TVAChappellDRAKESBORO, Ky. (2/4/20) — For more than five decades, Tennessee Valley Authority’s Paradise Steam Plant, from the banks of the Green River in western Kentucky near Drakesboro, supplied power for the region and the valley beyond.

Unit 3 was retired Saturday, which was once the largest megawatt capacity power plant in Kentucky. Units 1 and 2, retired in 2017 were replaced with natural gas powered turbines. Constructed in 1963, the coal-fired units were once the largest in the world. In 1969, Unit 3 construction was complete and ready for operation.

Jimmy Chappell, a young operator from the electrical control wing, was the first to crank up Unit 3 in late 1969. TVA recognized the date in early 1970.

“I was the very first to do that," Chappell said. "At the time, I had nothing to do with the starting and stopping of this huge machine, that was all done by the men and women on the steam side of the plant. Back then, when it came time for us to tie it to the TVA grid, you had to close a great big breaker, and when it closed, Unit 3’s output was tied to the TVA system; taking it online, tied to the grid, ready for the service of producing sellable power.”

Last Valentine's Day, TVA Board of Directors decided by a 5-2 vote to close Unit 3 by December. The retirement of Units 1 and 2 had cut coal consumption in half in Muhlenberg County, creating deep concerns over the economic impact it would have countywide for years to come. 

“I do not think people have grasped how this will affect us," Chappell said. "Everybody from the coal haulers to coal miners. Can you imagine the tax monies that our schools are losing, millions and millions of dollars TVA paid in lieu of taxes? When the talk came around to shutting that unit down, I told some of the guys, you know, I was the first one to ever parallel that thing and put Unit 3 online, don’t you?”

“It made me think, wouldn’t that be a neat thing to pass on to my kids and grandkids, that near 50 years later, from me turning a switch, putting it online, to me pushing a button to take it offline?"

Chappell did just that Saturday afternoon, while at the controls of for the last day at Unit 3.

“I’ve been overwhelmed by the reaction from the public," he said. "Channel 25 pulled up to my door, channel 7 has called, television stations from Knoxville, Tennessee — all trying to get ahold of me … newspapers and everybody.” “It was never made public that I’d be at the plant to shut down Unit 3. Some of the guys out there were enthused by it, there wasn’t a big deal made about it.”

Chappell retired after a 34-year career at Paradise.

“After that many years with that quality of people, it was amazing," he said. "The operators on Saturday could have started their own history book, but they said, ‘No, absolutely not. You are here, and it would be an honor for you to take it offline for the last time.'"
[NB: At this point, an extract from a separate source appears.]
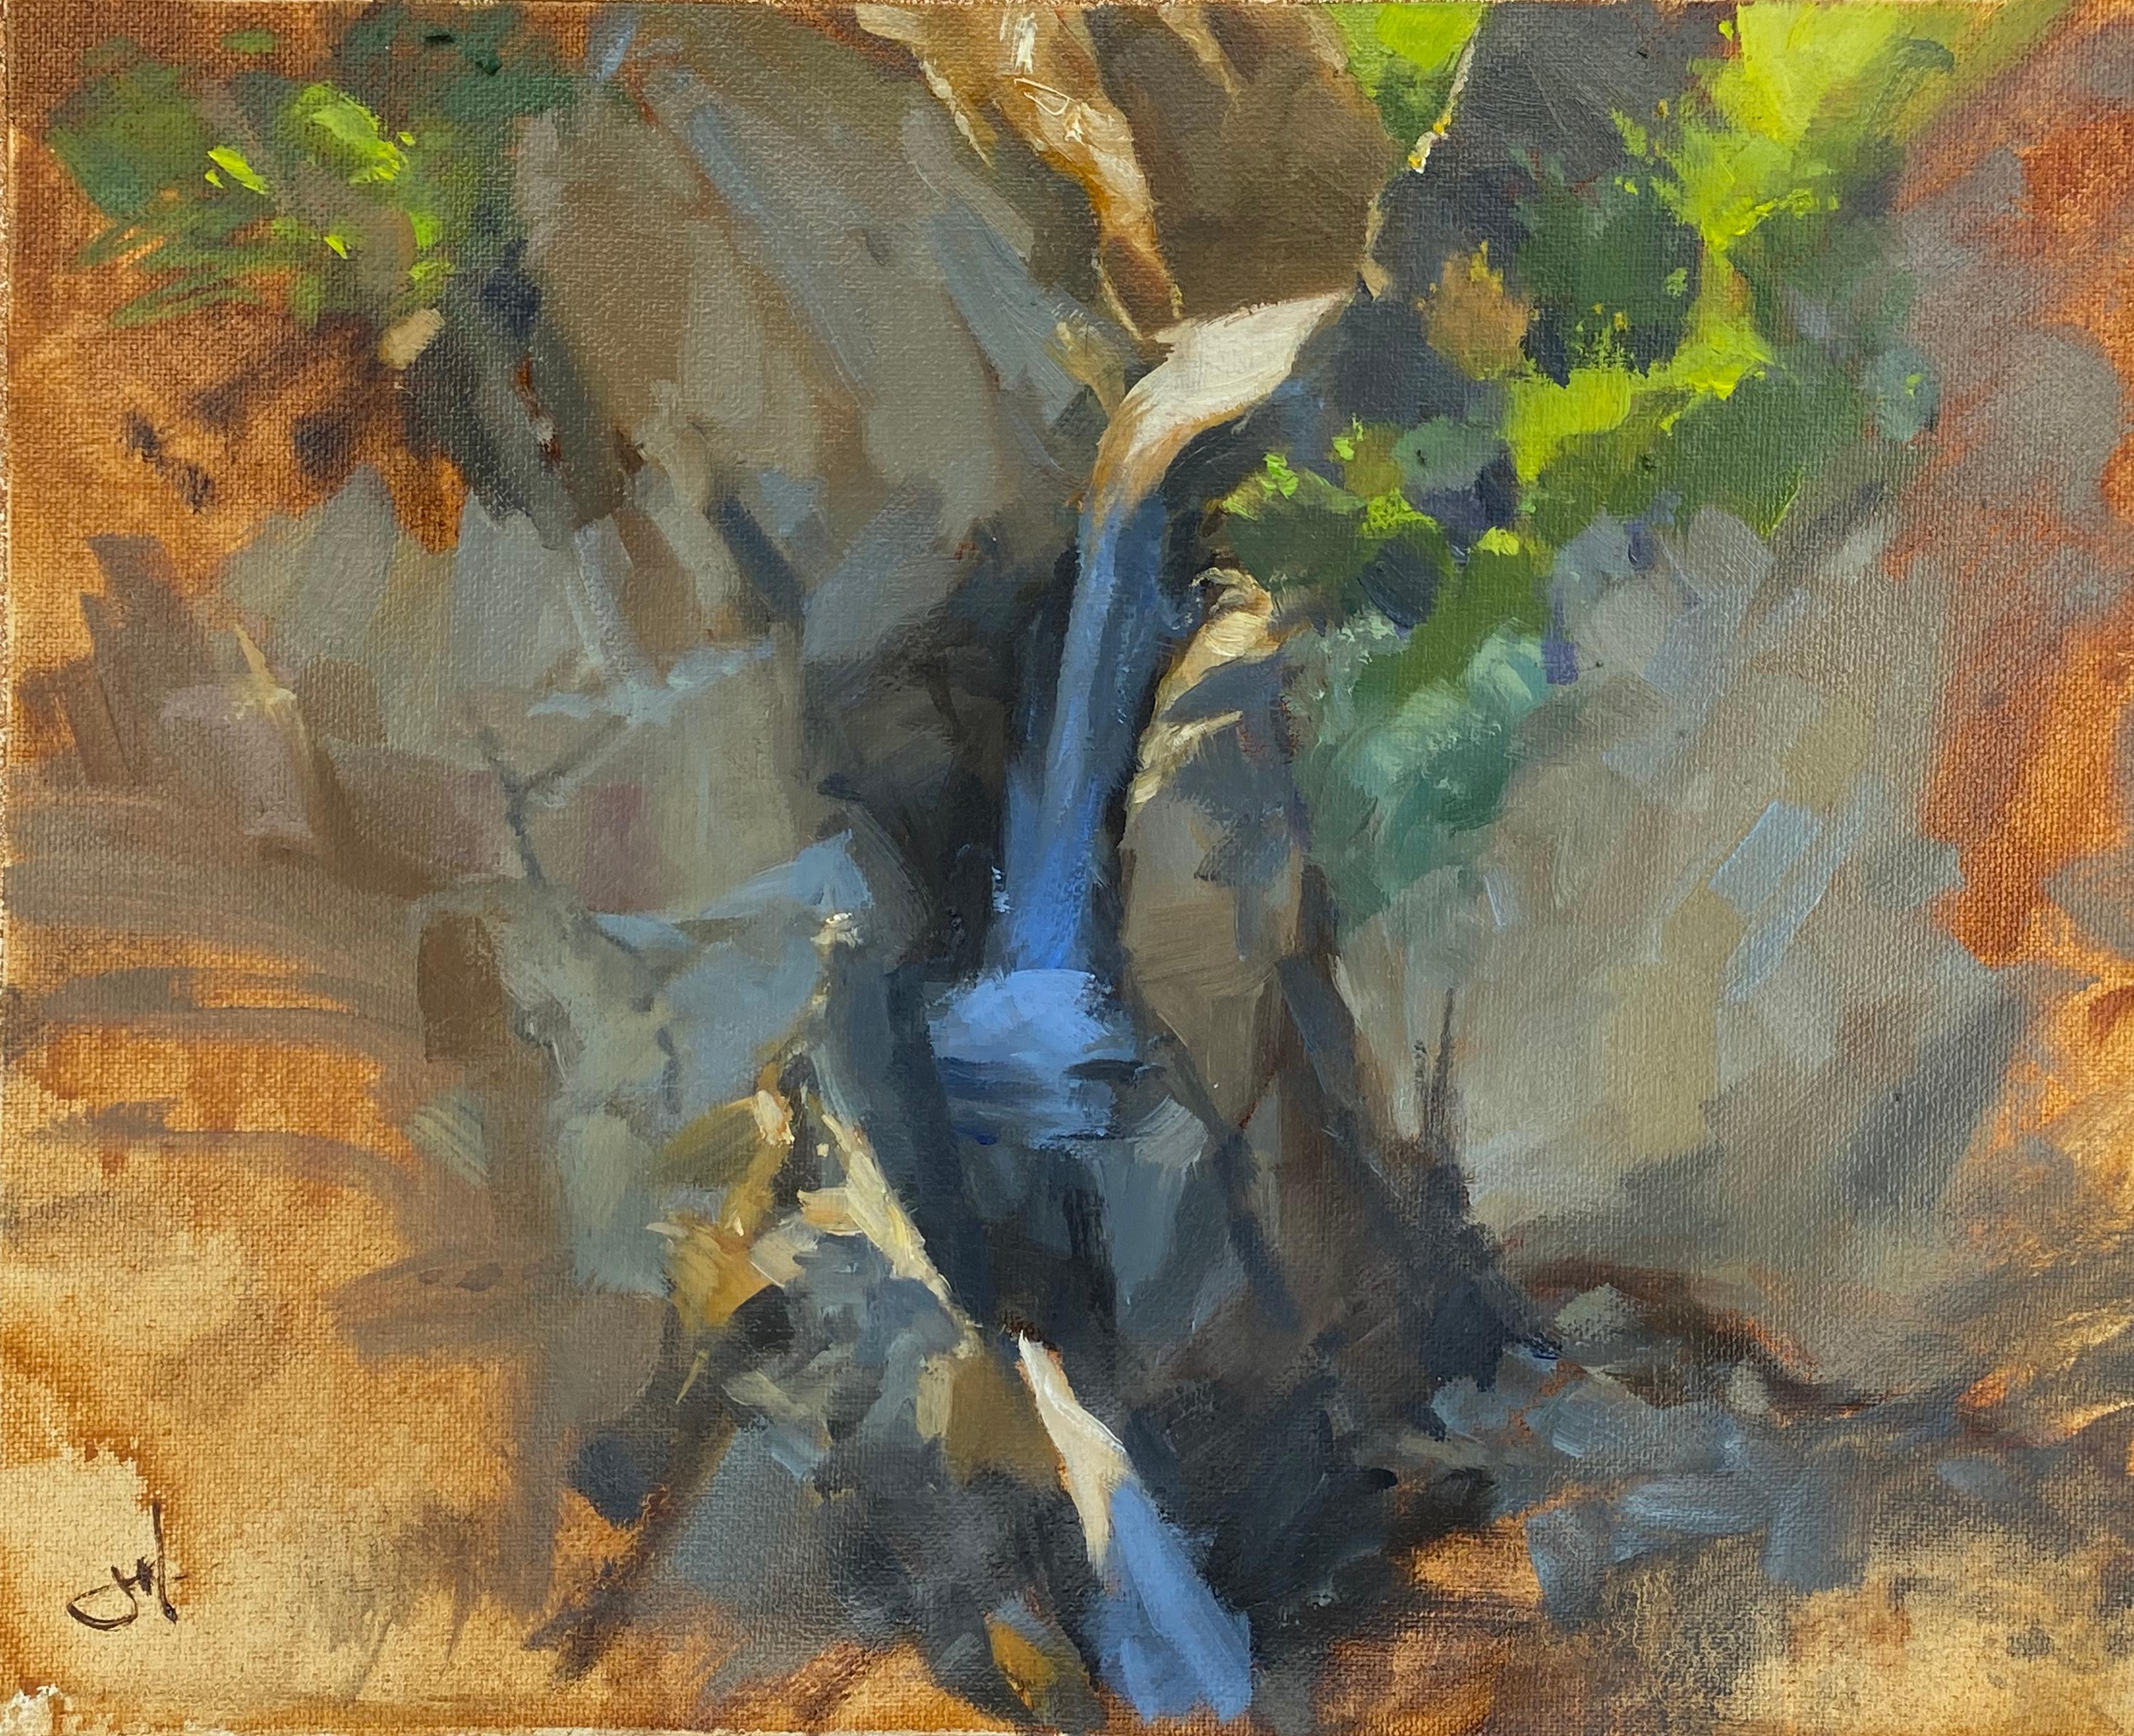 Judd Mercer Landscape Painting - "Big Sur Falls" Oil Painting

“Chad Hadley was his escort for the day.

"I love him dearly; he is like the son I never had," Chappell said. "What a wonderful thing —  he got to be with me the entire day. It made me feel so good. It was such an emotional time.”

“Just when I thought I was going to be all right, every time I tried to talk, nothing would come out. I had a 34-year career there and it hurt like the dickens.“It was so sweet, watching those guys the other day, work together, it’s like watching a pitcher and a catcher, working together. Just like when I was in there doing it, the same comradery we had back then, except we had to fight them ol’ boogers to keep them online, because we didn’t have the controls they have now, all those years later.” Chappell added wistfully. “You just had to be there.” 

“Everyone pulled together. When there was really bad weather, and we couldn’t keep the units on, we all worked together, and trust me, we did not have it bad on our side compared to the folks on the steam side of the plant.”

With a laugh, Chappell asked, “You know what turbine taters are? My daughter Michelle has the recipe … you take a pot of potatoes along with other ingredients put them on the turbine to cook. Once they were done, everyone grabbed a fork and a plate, and we all ate. There was always a pot of beans or chili for everyone to share. “If you could get a small part of the stories from the hundreds and hundreds of people that were in and out of that old steam plant, you’d have something.” 

In closing, Chappell said, “You have to realize that’s a mighty long time for a fossil plant to stay online and I’ll tell you this: I did not shut that plant down, TVA shut that plant down.”